Opinion

The shudder of the new aristocracy

An Iron Law of Decadence has seized the world’s elite, and antisemitism is the result.

The U.N. General Assembly. Credit: Loey Felipe/U.N. Photo.
The U.N. General Assembly. Credit: Loey Felipe/U.N. Photo.
Benjamin Kerstein
Benjamin Kerstein is a writer and editor living in Tel Aviv. Read more of his work on Substack at No Delusions, No Despair. Purchase his books here.

In 1848, as Marx and Engels famously pointed out, communism was the specter haunting Europe. Today, populism is the specter haunting everybody. In Italy, Hungary, the United States, Brazil and other countries, some variety of populism has risen to power or, as in France and Great Britain, seriously contended for power.

The phenomenon first came into its own with the Brexit referendum and Donald Trump’s election in 2016. Given that it has already lasted the better part of a decade, it is likely here to stay.

This new populism is particularly notable for its bipartisanship. While right-wing populism has proven more electorally successful, left-wing populism has not been idle. Brazil’s old-new president Luiz Inácio da Silva is as populist as his right-wing predecessor Jair Messias Bolsonaro. Bernie Sanders is as populist as the Trump he despises. Jeremy Corbyn proclaimed his hatred of the establishment with the passion of a Steve Bannon.

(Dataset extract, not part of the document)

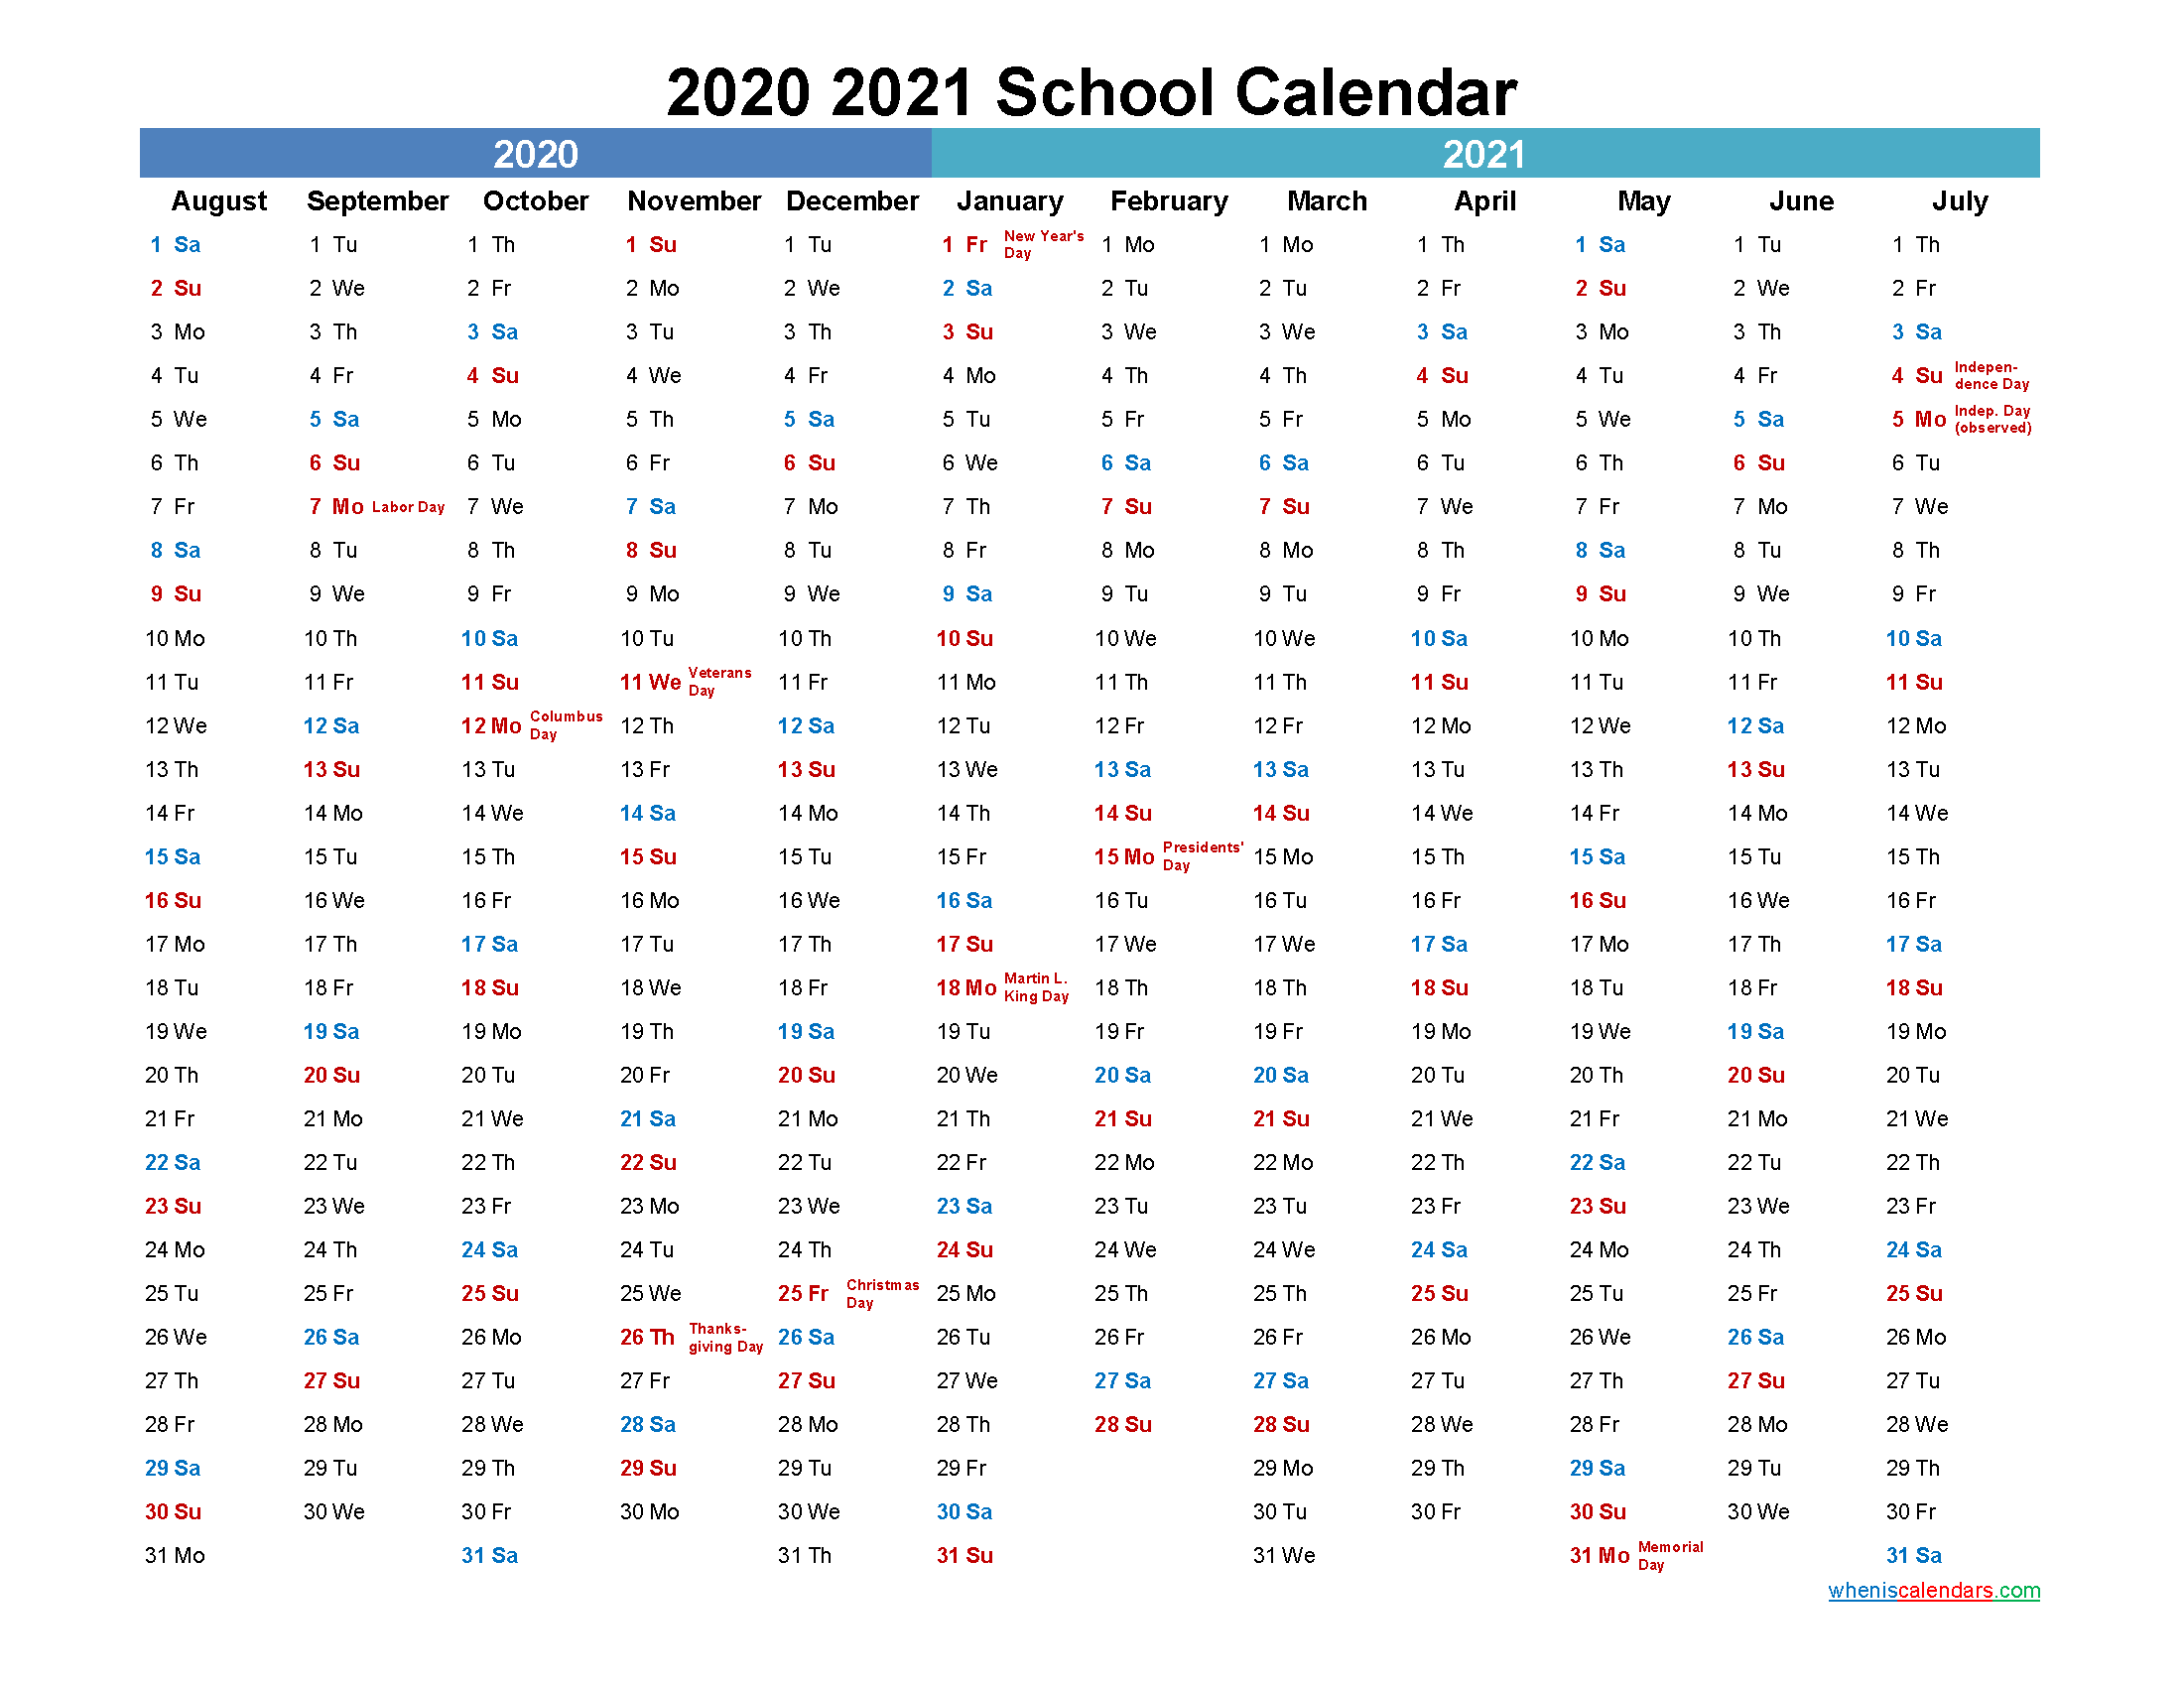 2020 and 2021 School Calendar Printable - Template No.21scl25

The immediate causes of the phenomenon are fairly clear: The 2003 invasion of Iraq, the 2008 economic meltdown, and the ongoing migrant crises in both Europe and the United States, among others.

Any one of these events would have shaken the prevailing consensus. Taken together, upheaval was inevitable.

The defenders of the status quo have done themselves no favors. They have almost all been establishment figures, effectively proving the populists’ point. The only place where there has been substantial grassroots pushback has been in Israel, where mass demonstrations have sought to defend the judicial status quo against the reform efforts of the largely populist government led by Benjamin Netanyahu—who is not quite a populist himself but is willing to become one when it plays to his ideological inclinations.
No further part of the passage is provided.